Soap and Milk is an interactive experience of data, allowing the observer to perceive social media as an overwhelming and organic figment. Each microscopic droplet represents a tweet that refers to the installation. Once an entity gets spawned – the viewer is invited to physically interact and explore its behaviour, until they vanish into a vivid setting.
Soap and milk is a visual experience to portray information in social media as an organic landscape of fluids. We envisioned droplets spawning on surreal liquid surfaces, melting and interacting with each other till they fade into the depth of their micro cosmos. Tweets referring to a predefined hashtag, seem to become alive as bubbles as they bounce, playfully simplified and yet unpredictable within their behaviour.
To witness the lifespan of this data, we wanted the observer to be able to touch and manipulate its visual representation. The installation is designed as a visual oxymoron, between a larger-than-life experience and the microscopic insight into interacting droplets. By using a giant LED screen to expose the interactions of tiny bubbles, we wanted the viewer to shrink into the fluids – allowing new perspectives and interactions towards complex and detailed procedures.
The visual elements of soap and milk consist of more than forty layers of different rendering effects and GPU based calculations. Techniques such as fluid calculations, compute shaders, raymarching, ambient occlusion, texture effects and post-processing combine to a surreal look and feel of detailed and fragile impressions. No polygons were used for the implementation of the graphics. All visual layers consist of fragment shaders, allowing us an accurate calculation of shapes, shadows and reflections for each pixel. Hence we were able to create the illusion of endless details. The efficiency of the DX11 render pipeline of vvvv, enabled us to quickly investigate, experiment and retry different visual scenarios and concepts.

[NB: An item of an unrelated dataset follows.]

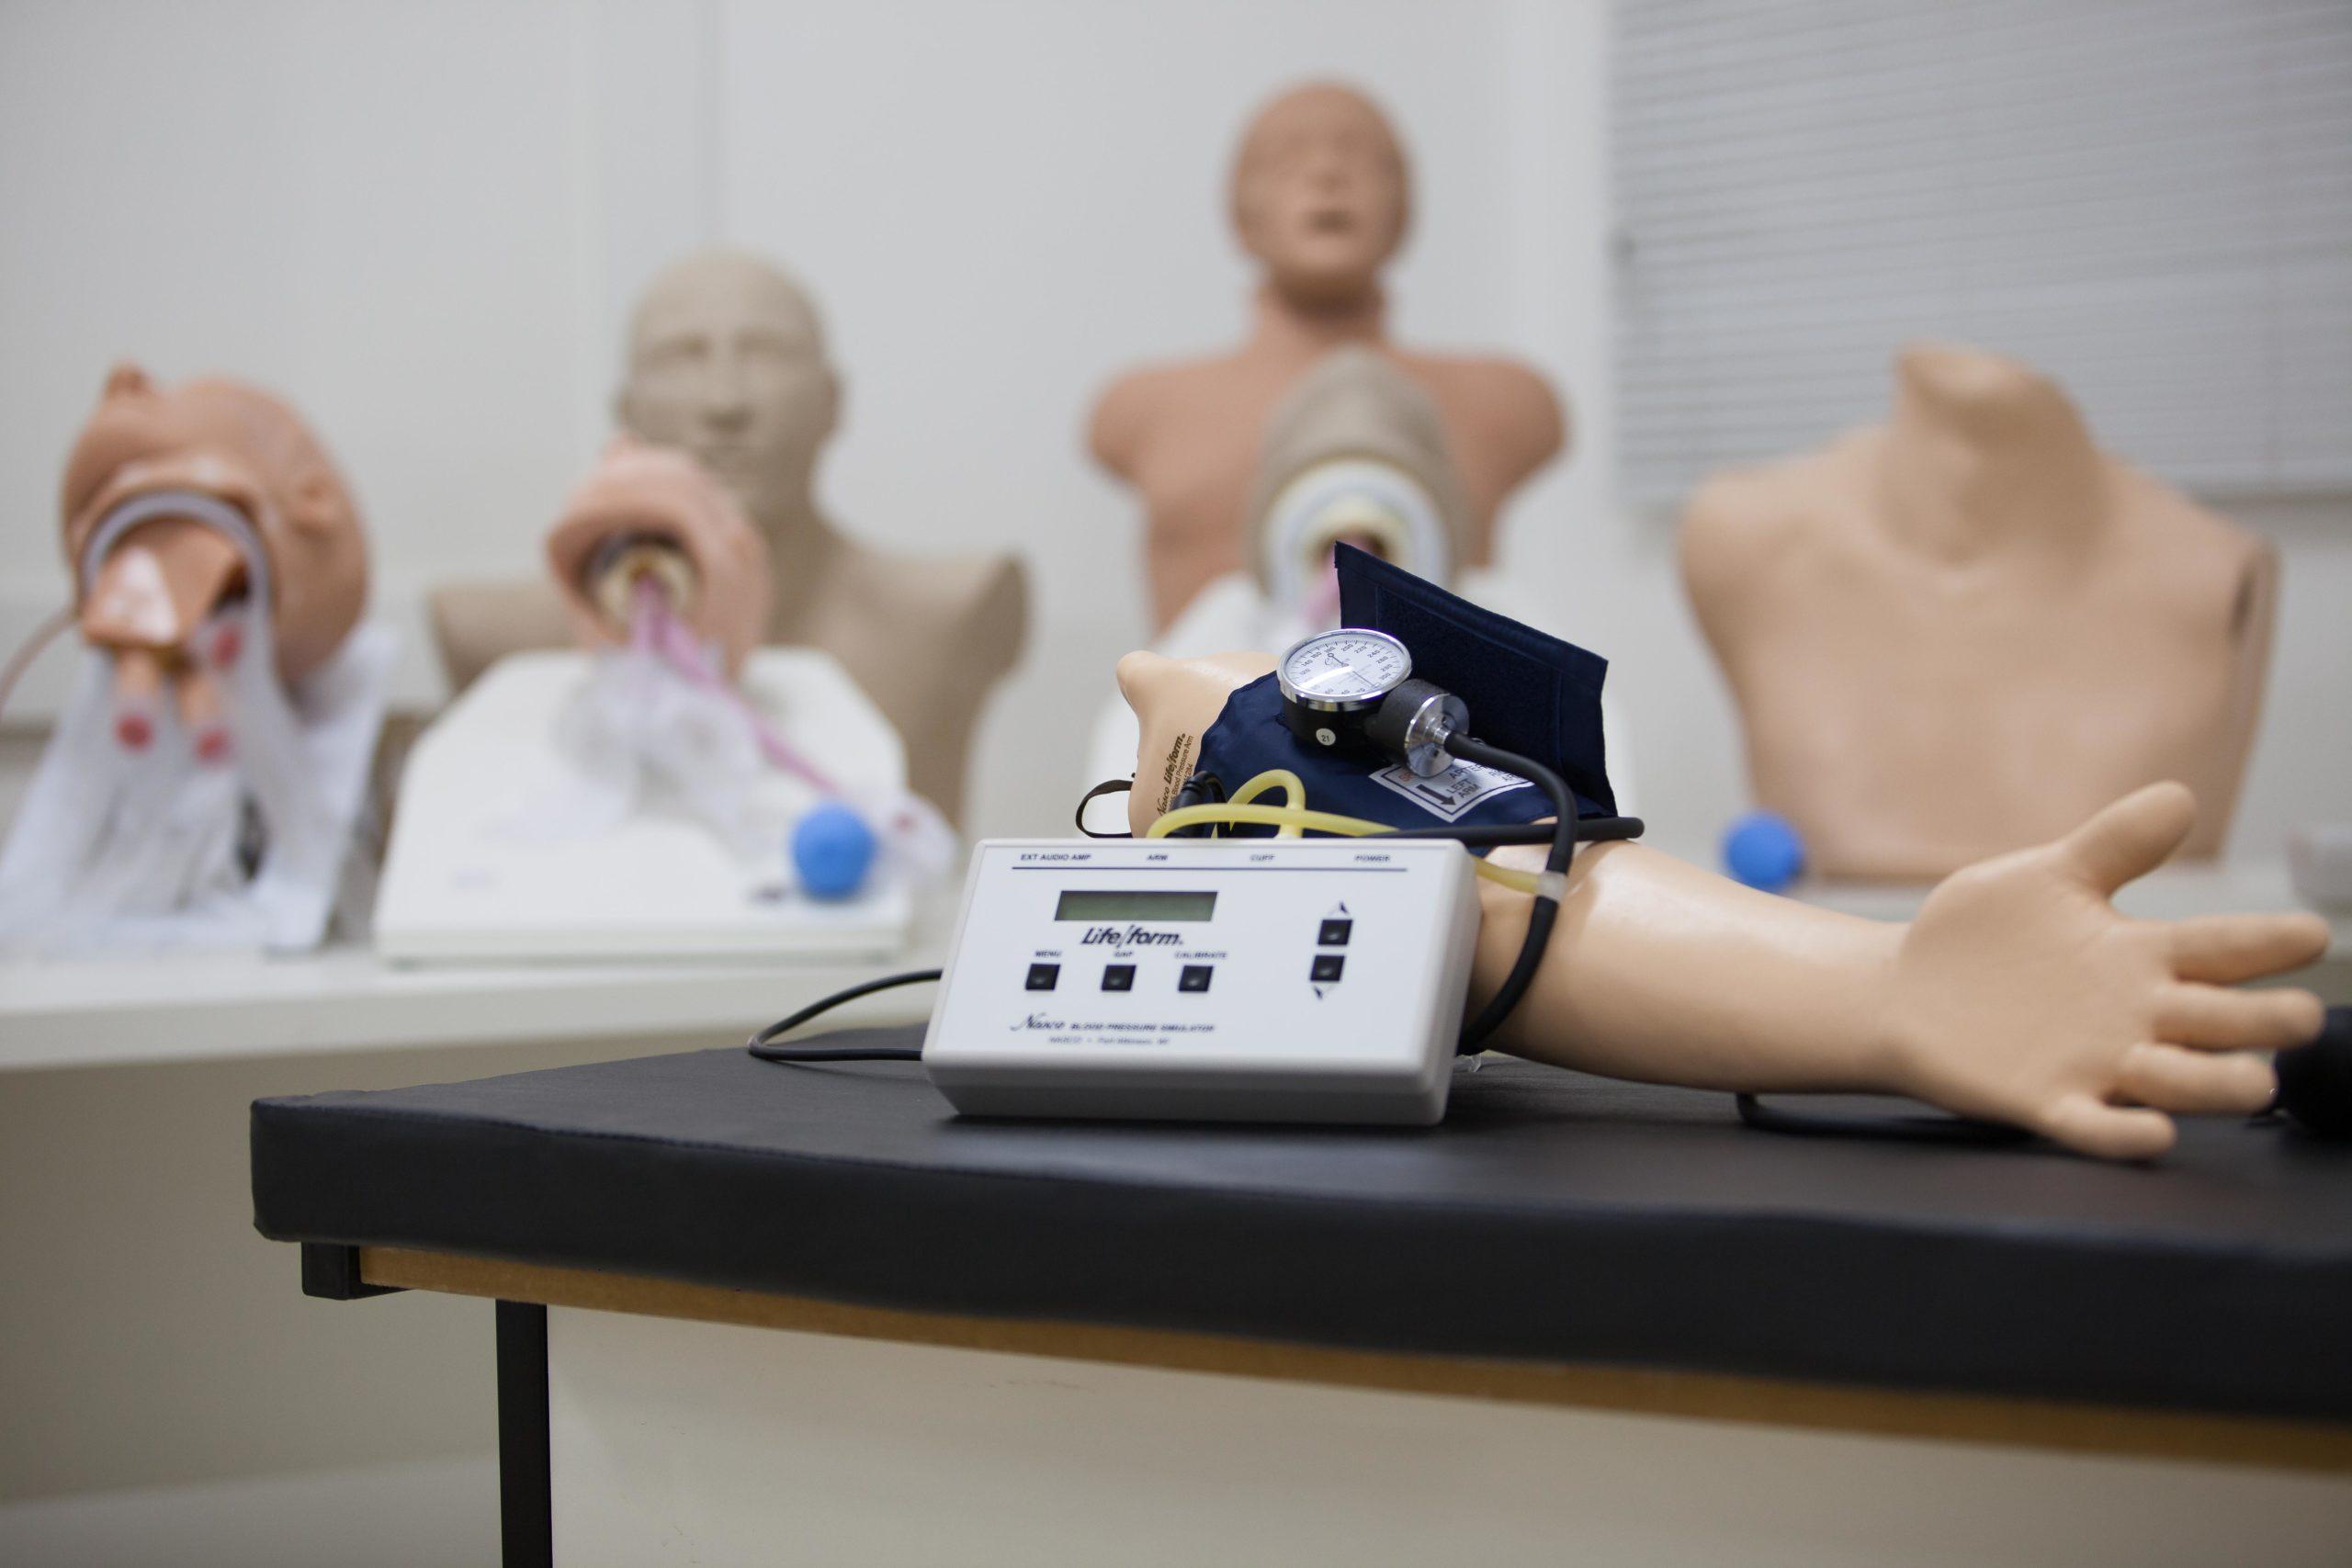 laboratorio-enfermagem-primeiros-socorros

We used an industrial infrared camera by ximea to capture the movements of the users. Our system is able to shoot 2k videos in 170 frames per second, allowing our algorithm to never lose track of a moving body or its motion. In order to process this data, we wrote a custom, gpu based optical flow solution to analyse and compare 2 million pixels in under 5 milliseconds. Within our research we found high framerate and resolution to be more than just a boost of quality. Basic Computer vision for interactive systems is often about visual debugging. The coder perceives a hand or a body within a camera image – and ports his skill of perception to the algorithm. Hence the implementation is limited to the perception of the engineer. In the case of 170 fps, our solution reconstructs more than the human eye is able to see. The resulting data reveals even the tiniest and fastest motion, allowing the user to feel his dynamics immediately.
The whole system runs on one computer, equipped with a strong processor and a Titan X. The camera image is uploaded to GPU, as soon as a new frame is detected. From this point on, all tasks ranging from image analysis to real-time rendering is performed on GPU only – to avoid bottlenecks of data processing and latency. The motion detection is done in Openframeworks and the rendering passes in vvvv. The communication between the applications is realized via Spout.